A prescrição aplicada às relações de trabalho
Quinta-feira, 21 de maio de 2020

A prescrição aplicada às relações de trabalho

Imagem: The Australian / Arte: Justificando

 

Por Filippe de Oliveira Mota

 

O instituto da prescrição tem reconhecida importância no direito. Até mesmo aqueles que nunca tiveram qualquer proximidade com algum livro jurídico têm conhecimento do brocardo: o direito não socorre aos que dormem. Sua origem remonta ao século VI, em Roma, tendo sido criado como meio de limitar no tempo a exigibilidade dos direitos, ou seja, evitar que o exercício de um direito conferido a determinado sujeito se operasse de maneira indeterminada no tempo. Há certa divergência acerca dos fundamentos que dariam razão ao referido instituto, mas em geral os pesquisadores concordam quanto ao interesse social de conferir segurança e estabilidade às relações jurídicas. 

 

Discorrendo sobre sua origem e fundamentos, Nilson Vital Naves afirma que a ausência da prescrição, e sua capacidade de pôr um termo às pretensões, provocaria a eterna intranquilidade entre os indivíduos na sociedade. Afinal, “não podemos fazer nenhuma reflexão sobre direito, abstraindo a sociedade”[1]. Certamente que não. Isso porque, conforme o mesmo autor, os direitos não são absolutos, e por isso desaparecerão em algum momento e serão substituídos por outros, posto que têm sua existência determinada pelas contingências históricas e sociais.

 

Muitos séculos depois de criado, e passadas as revoluções industriais e burguesas, esse instituto permanece tendo importância central na nossa ordem social. Sua complexidade adensa-se conforme se costuram novas legislações para regular a dinâmica da evolução da sociedade.
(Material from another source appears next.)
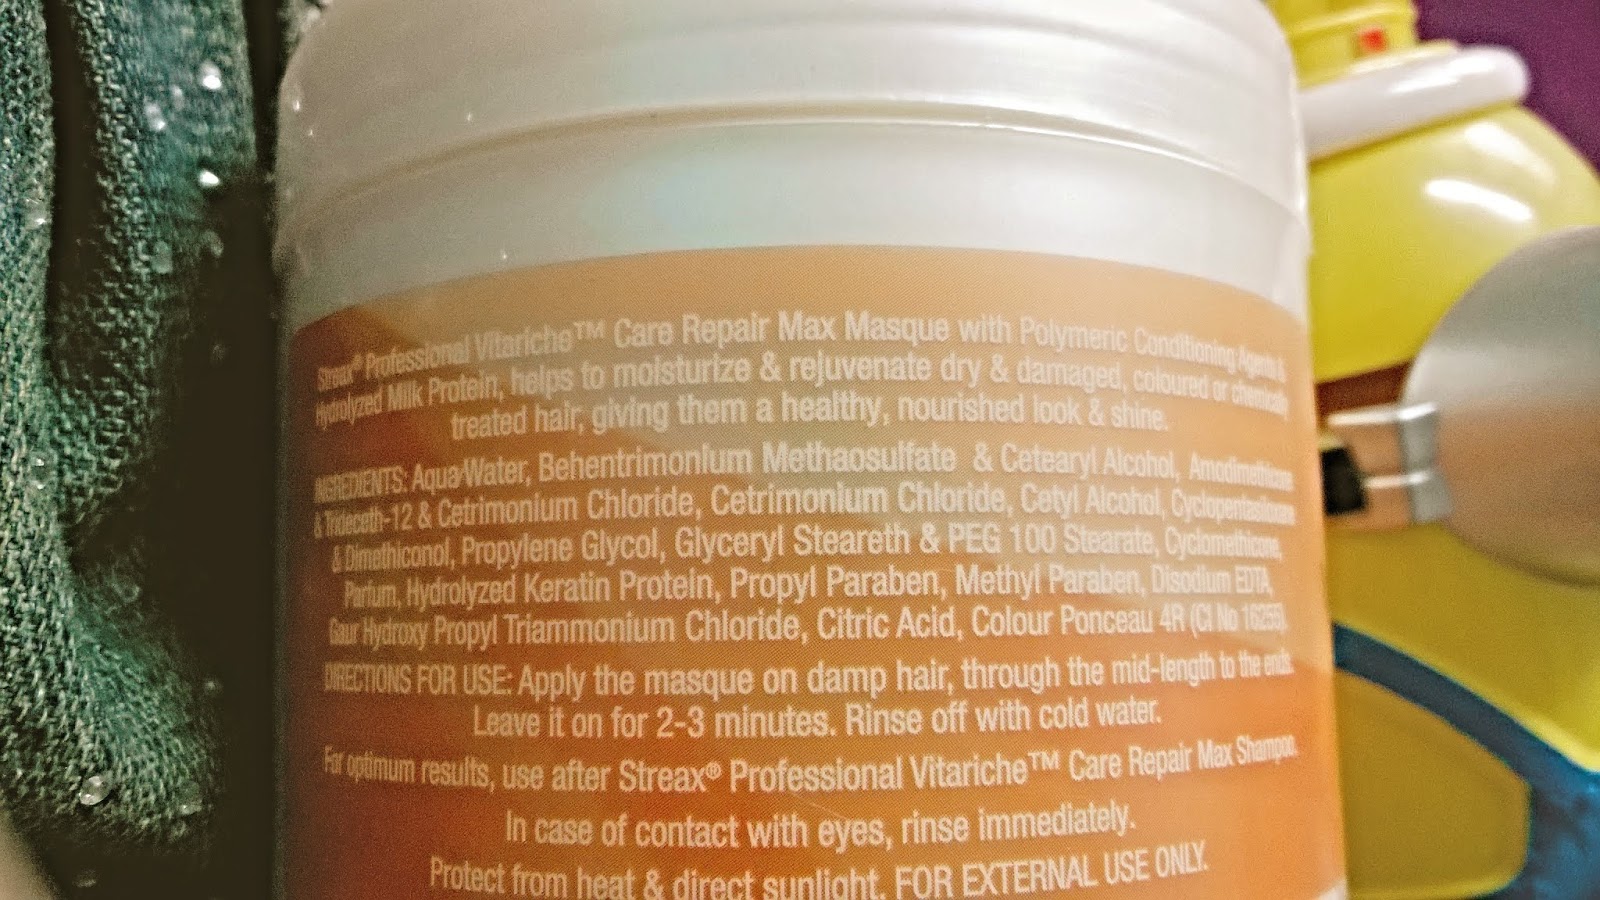 A Beautiful Life : Streax Pro Nutri Care Repair Max Masque Review | Beauty  Product Review | Hair Care Product Review | Indian Beauty Lifestyle Blogger

Causas para a suspensão ou até mesmo para a interrupção do transcurso desse prazo foram criadas com o objetivo de proteger aqueles que, por determinadas razões, deixaram de levar à Justiça a reclamação do seu direito dentro do prazo estipulado na legislação. Em nossa lei civil, são causas que impedem, por exemplo, o seu transcurso a constância de uma relação entre cônjuges, de uma relação de poder familiar ou entre tutelados e seus tutores. Os motivos do impedimento são claros. O decurso do prazo para a reclamação de um direito não pode ter início durante uma relação na qual os indivíduos não se encontram em plena liberdade de reclamar. Quanto ao primeiro, porque numa relação conjugal os interesses se confundem, pequenas divergências são deixadas de lado em nome da manutenção da própria relação. Quanto aos demais, as razões, creio, são ainda mais claras. 

 

Mas são as relações do trabalho ou, mais especificamente, as de emprego as que nos interessam nesse momento. Não as relações de trabalho abstratamente consideradas, mas aquelas decorrentes da nossa sociabilidade, da especificidade brasileira. O processo de colonização do país não marca apenas o início de uma relação de exploração entre colônia e metrópole. Conforme nos ensina Enrique Dussel, esse momento marca a passagem do descobrimento para a conquista, implicando a superposição da racionalidade europeia, do modo de produção de conhecimento e de suas formas adjacentes de organização social sobre outras formas de conhecimento e sociabilidade, que restariam progressivamente encobridas pelo descobrimento, sob o mito da modernidade[2]. Surgida nos países do centro capitalista, e erigida das relações sociais inerentes à infraestrutura do modo de produção capitalista, a superestrutura jurídico-política daquelas sociedades passou a ser arbitrariamente transposta para as realidades coloniais durante o século das conquistas ultramarinas e os seguintes. 

 

Se inicialmente, no Brasil, fomos assimilados ao sistema mundial de produção através da escravidão moderna, três séculos depois transitamos para o trabalho assalariado, finalmente internalizando o modo de produção capitalista. No âmbito da superestrutura jurídico-política, o território que era habitado por diversos povos descentralizados, logo passara a corresponder a um mesmo Estado-nação, cujos nacionais eram acolhidos conforme as regras jurídicas dispostas, e seu trabalho gradativamente regulado de forma isonômica. Todos são iguais perante a lei, diz outro brocardo certamente conhecido. Ainda que a igualdade seja, em verdade, da lei perante todos. Uma breve inspiração da realidade rechaça de pronto a afirmação contrária.

 

Nossa Constituição de 1988, em seu inciso XXIX do artigo 7º, trata do instituto da prescrição aplicado às relações de trabalho. Determina que o empregado terá até dois anos após o encerramento do contrato para reclamar seus direitos na Justiça. Além disso, limita a cinco anos o período retroativo que poderá ser alcançado. De outro lado, o inciso I do mesmo artigo 7º afirma que a relação de emprego será protegida contra despedida arbitrária.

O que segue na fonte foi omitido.